I've posted about this work several times now, including:

  http://sourceware.org/ml/gdb/2005-05/msg00074.html
  http://sourceware.org/ml/gdb/2005-05/msg00171.html
  http://sourceware.org/ml/gdb/2006-01/msg00257.html
  http://sourceware.org/ml/gdb/2006-03/msg00031.html

It is in a much more concrete stage of development than it's ever been
before; almost everything described in the proposed documentation
actually works now, and I am generally happy with the format
of the descriptions.  You can find the code on
gdb-csl-available-20060303-branch in the CVS repository.  It's
currently only wired up for ARM, and there aren't any sample stub
implementations - that'll be along.

I'd particularly like to thank Paul Brook for some valuable
suggestions, and Jim Blandy for both suggestions and turning my messy
notes into the coherent Texinfo below (and for using "Self-Describing",
which I think is the phrase I'd been fumbling around for a while).

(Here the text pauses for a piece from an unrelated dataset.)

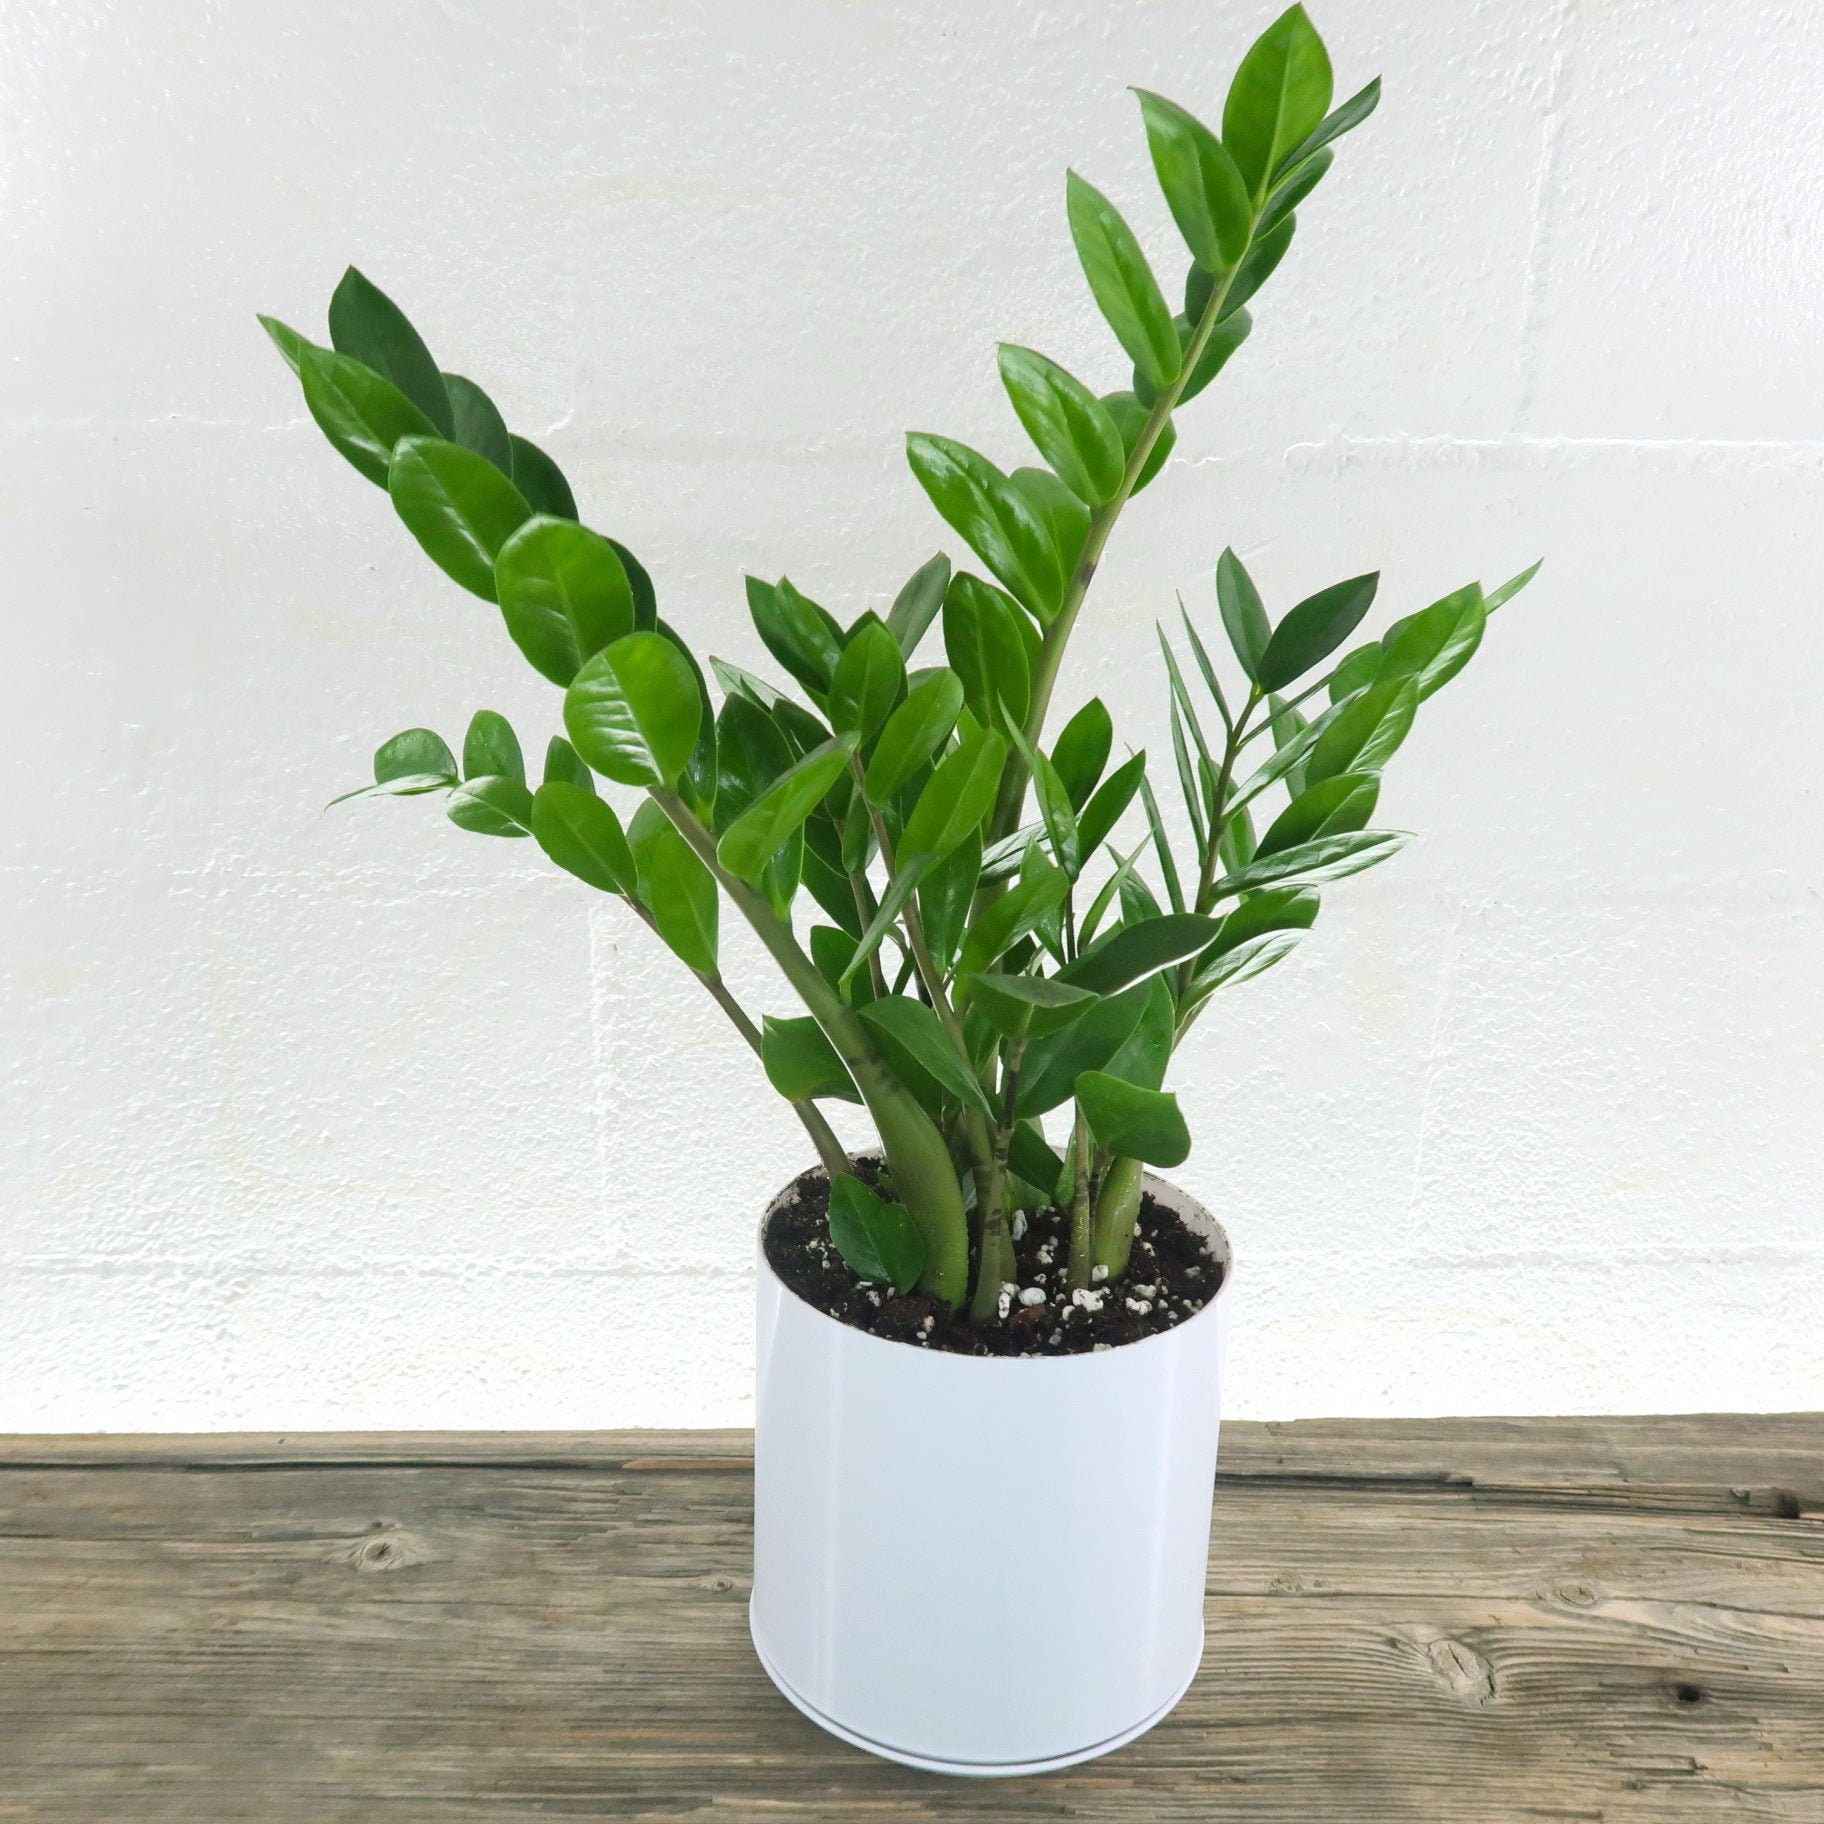 Large ZZ Plant Zamioculcas Zamiifolia Live House Plant   Super Easy Care  Indoor Plant, White Planter, Gardening, Office, Home, Present

I would appreciate comments on the sample and documentation; while
there are a lot of things left on my to-do list for this project,
most of them are nice to have rather than important.  What's in CVS
is enough to be very, very useful.  If other GDB developers like
the path it's taking, I'd prefer to do future development on it
in mainline, instead of on a branch.

Here's a small, but useful, sample description.  Then, below it, Jim's
documentation - which includes details on what the description means. 
This description matches the current layout of the ARM register cache.

In target.xml:

<?xml version="1.0"?>
<!DOCTYPE target SYSTEM "gdb-target.dtd">
<target>
  <xi:include href="arm-core.xml"/>
  <xi:include href="arm-fpa.xml"/>
  <feature-set>
    <feature-ref name="org.gnu.gdb.arm.core" base-regnum="0"/>
    <feature-ref name="org.gnu.gdb.arm.fpa" base-regnum="16"/>
  </feature-set>
</target>

In arm-core.xml:

<?xml version="1.0"?>
<!DOCTYPE feature SYSTEM "gdb-target.dtd">
<feature name="org.gnu.gdb.arm.core">
  <reg name="r0" bitsize="32"/>
  <reg name="r1" bitsize="32"/>
  <reg name="r2" bitsize="32"/>
  <reg name="r3" bitsize="32"/>
  <reg name="r4" bitsize="32"/>
  <reg name="r5" bitsize="32"/>
  <reg name="r6" bitsize="32"/>
  <reg name="r7" bitsize="32"/>
  <reg name="r8" bitsize="32"/>
  <reg name="r9" bitsize="32"/>
  <reg name="r10" bitsize="32"/>
  <reg name="r11" bitsize="32"/>
  <reg name="r12" bitsize="32"/>
  <reg name="r13" bitsize="32"/>
  <reg name="r14" bitsize="32"/>
  <reg name="r15" bitsize="32"/>

  <!-- The CPSR is register 25, rather than register 16, because
       the FPA registers historically were placed between the PC
       and the CPSR in the "g" packet.  -->
  <reg name="cpsr" bitsize="32" regnum="25"/>
</feature>

In arm-fpa.xml:

<?xml version="1.0"?>
<!DOCTYPE feature SYSTEM "gdb-target.dtd">
<feature name="org.gnu.gdb.arm.fpa">
  <reg name="f0" bitsize="96" type="float"/>
  <reg name="f1" bitsize="96" type="float"/>
  <reg name="f2" bitsize="96" type="float"/>
  <reg name="f3" bitsize="96" type="float"/>
  <reg name="f4" bitsize="96" type="float"/>
  <reg name="f5" bitsize="96" type="float"/>
  <reg name="f6" bitsize="96" type="float"/>
  <reg name="f7" bitsize="96" type="float"/>

  <reg name="fps" bitsize="32"/>
</feature>

The documentation:

Appendix F Self-Describing Targets
**********************************

One of the challenges of using GDB to debug embedded systems is that
there are so many minor variants of each processor architecture in use.
It is common practice for vendors to start with a standard processor
core -- ARM, PowerPC, or MIPS, for example -- and then make changes to
adapt it to a particular market niche.  Some architectures have
hundreds of variants, available from dozens of vendors.  This leads to
a number of problems:

   * With so many different customized processors, it is difficult for
     the GDB maintainers to keep up with the changes.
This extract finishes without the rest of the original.